Richard Pyle deepreef at bishopmuseum.org
Sun May 26 23:34:02 CEST 2013

Thanks for the *EXCELLENT* post -- this gets to the heart of what I was
trying to ask. I don't have time to respond in detail, but will come back to
this in a bit.






From: tdwg-content-bounces at lists.tdwg.org
[mailto:tdwg-content-bounces at lists.tdwg.org] On Behalf Of Steve Baskauf
Sent: Sunday, May 26, 2013 3:09 AM
To: Robert Guralnick
Cc: TDWG Content Mailing List; Robert Whitton; John Deck;
rlwalls2008 at gmail.com
Subject: Re: [tdwg-content] New Darwin Core terms proposed relating to
material samples


I suppose that Rich and Rob W. have already looked at
http://code.google.com/p/darwin-sw/wiki/TaxonomicHeterogeneity .  I think it
pretty much encapsulates what they are talking about.  I should note that
the way DSW defines dsw:IndividualOrganism does not require it to be a
single organism.  It can be a collection of organisms (herd, colony, school)
or part of an organism (tissue).  The basic requirement is that it is a
"taxonomically homogeneous entity".  In a variant form of DSW (dsw_alt.owl)
we included "taxonomically heterogeneous entity" (THeE) which would
basically include what Rich and Rob W. are talking about (lots of organisms
which are seperatable and aren't necessarily from the same lowest taxonomic
level).  It should be no surprise that THeE does what Rich wants because we
included it in DSW because during the preceding discussion Rich said he
wanted something like it.  In dsw_alt.owl, properties like "hasPart" and
"isPartOf" are used to connect physical entities whose properties can be
inferred by inheritance.  What this diagram includes that Rich did not
mention are "tokens" (evidence).  We defined a class for evidence, but we
also considered not having evidence being an explicit class.  Not defining
an explicit Token class would have simplified the diagram at the bottom of
the page - one could just say that there should be evidence and it should be
linked to the resource it documents.  Token and THeE/IndividualOrganism are
not disjoint classes - the physical entity can be the evidence if somebody
"owns" it and makes it available for people to examine.  However, in DSW,
Token and THeE are not synonymous because we allow evidence to include
things that are not physically derived from the entity (e.g. images, sounds,
string data records) in addition to physical specimens.

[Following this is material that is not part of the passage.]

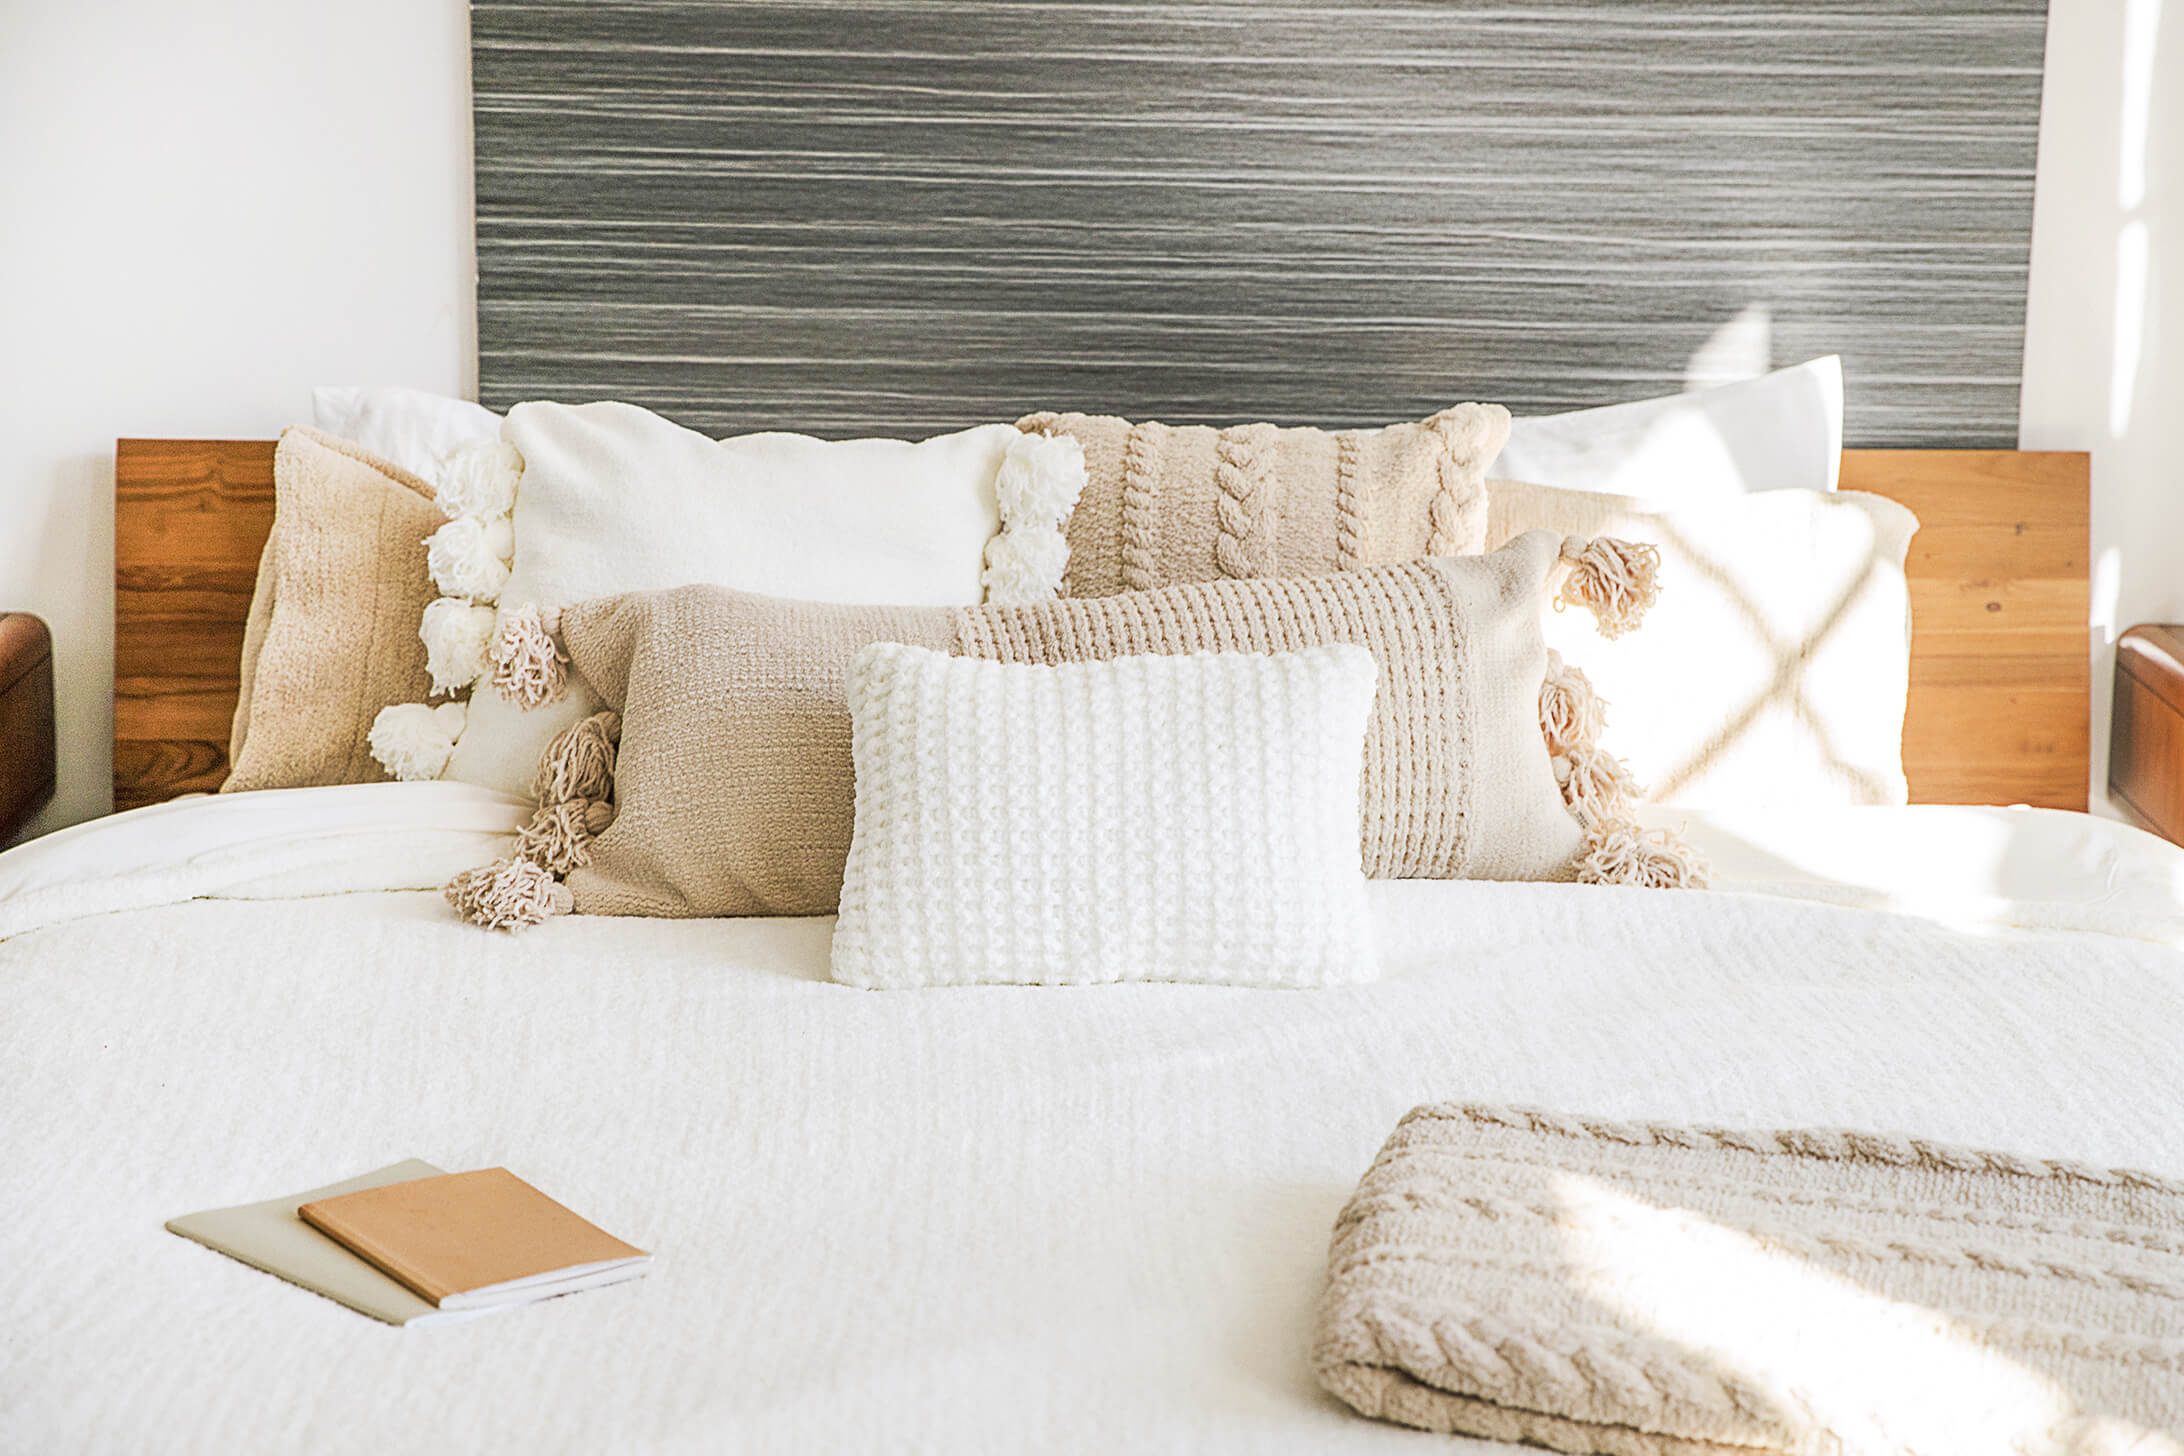 Neutral and cozy bed. White and tan bedding and pillows. White and beige bedding and pillows. Neutral cozy bed inspo. Neutral soft bedding.

I think that we have to be careful when we say "we don't need X", "there is
pressing value for X but not for Y", "X is too vaguely defined", etc.
MaterialSample does exactly what the metagenomics people need because they
invented it to serve the purposes they want it to serve (handle material
samples in which one may or may not ever know what all organisms are
included or even if there are organisms in it).  Individual (sensu
Pyle/Whitton)/THeH is just vague enough to do what Rich and Rob W. want it
to do with their lots and specimens, but is too vague for Rob G.
IndividualOrganism (sensu DSW) and Token does exactly what Cam Webb and I
want it to do with our images, specimens, DNA samples, and data records, and
the requirement that IndividualOrganism be taxonomically homogeneous allows
us to infer that a determination applied to one resource also applies to
other resources which are derived from the same IndividualOrganism (a
requirement not stated by the others) but it's too restrictive for both Rob
G and Rich.  If we start in on the game of saying "WE need the features that
I think are important but not the features that YOU think are important"
then we are in for another month of massive email traffic on this list and
will end up no better off than we were when we started.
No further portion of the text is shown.